European steel business is a weak spot; restructuring plans are not yet finalized, posing a drag on consolidated margins.

Q2 FY26 · medium

Large defense orders like ATAGS and carbines have long gestation periods (12+ months to start revenue), delaying cash flows.

Q3 FY26 · medium

Tariffs on aluminium into the US are impacting profitability and demand, with current utilization at 65%.

Q3 FY26 · medium

While order intake is improving, the recovery is expected to be steady rather than sharp, with exports still down 51% YoY.

Q4 FY26 · medium

Energy costs have risen substantially, impacting input costs; management is negotiating with customers for compensation but uncertainty remains.

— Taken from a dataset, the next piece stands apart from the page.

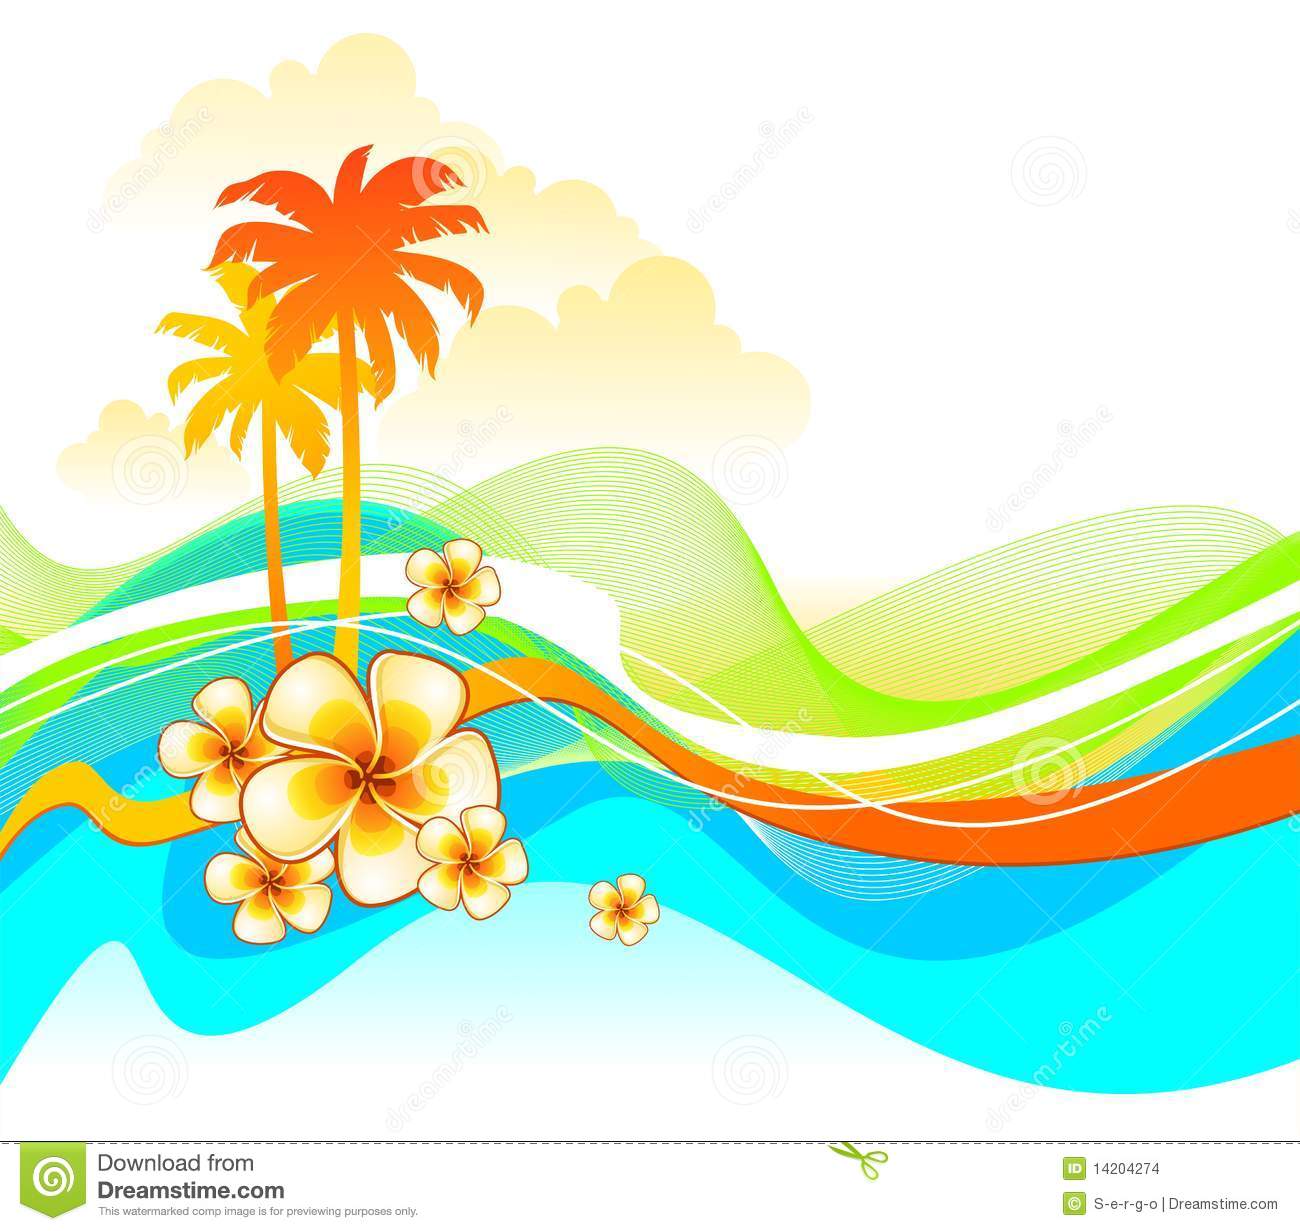 Abstract Illustration With Tropical Flowers Stock Images   Image

What changed through the year

G

Q1 FY26 · Aerospace revenue to grow 20%+ YoY

Aerospace business expected to continue strong growth with limited US exposure.

G

Q1 FY26 · American Axle to add ₹1,000 crore to consolidated topline

Consolidation from Q2 FY26, adding approximately ₹1,000 crore in annual revenue.

G

Q1 FY26 · H2 performance better than H1

Management expects second half to be stronger than first half, with Q2 marking a low.

G

Q1 FY26 · Steel Europe restructuring roadmap in 6 months

A roadmap for European steel business restructuring will be outlined within six months.

G

Q2 FY26 · Q3 similar to Q2, recovery by Q4

Management expects Q3 performance to be similar to Q2, with an uptick in Q4 as tariff uncertainties resolve.

G

Q2 FY26 · Aerospace revenue >₹350 crore in FY26

Aerospace revenue is expected to exceed ₹350 crore for the full year, growing at 40%+ YoY.

G

Q2 FY26 · Fundraising of up to ₹2,000 crore for organic and inorganic growth

Company has approval to raise up to ₹2,000 crore via debt and NCDs for organic and inorganic expansion in India.

G

Q2 FY26 · European steel restructuring roadmap by end of FY26

Management will outline the restructuring plan for European steel operations by the end of the fiscal year.

G

Q3 FY26 · Defense business growth of 30-40%+ next year

Driven by commencement of ATAGS order and beginning of CQB production, with strong uptake expected.

G

Q3 FY26 · Defense revenue share to reach 18-20% in 2-3 years

From current ~10-12%, defense could become as big as the overall business today, aided by global opportunities.

G

Q3 FY26 · Capex of up to ₹3,000 crore for Odisha project

Bharat Forge's share in the group's ₹17,000 crore Odisha project, including forging, machining, and casting facilities.

G

Q3 FY26 · European restructuring update by fiscal year-end

Evaluation of restructuring operations for European steel business, with progress update by end of FY26.

G

Q4 FY26 · India business to grow 25%+ in FY27

Management expects over 25% growth in India operations (standalone + Indian subsidiaries) driven by aerospace, defense, and components.

G

Q4 FY26 · Capex of ₹800-850 crore over 15-18 months

Ongoing capex programs across forging, casting, and products platforms will translate into ₹800-850 crore spend.

G

Q4 FY26 · Defense revenue ramp-up from H2 FY27

ATAGS and carbine production will start in second half of FY27 after FAT completion.

G

Q4 FY26 · German steel restructuring to complete by end of CY27

CDP restructuring is a 15-18 month process; losses will reduce as CDP losses are phased out.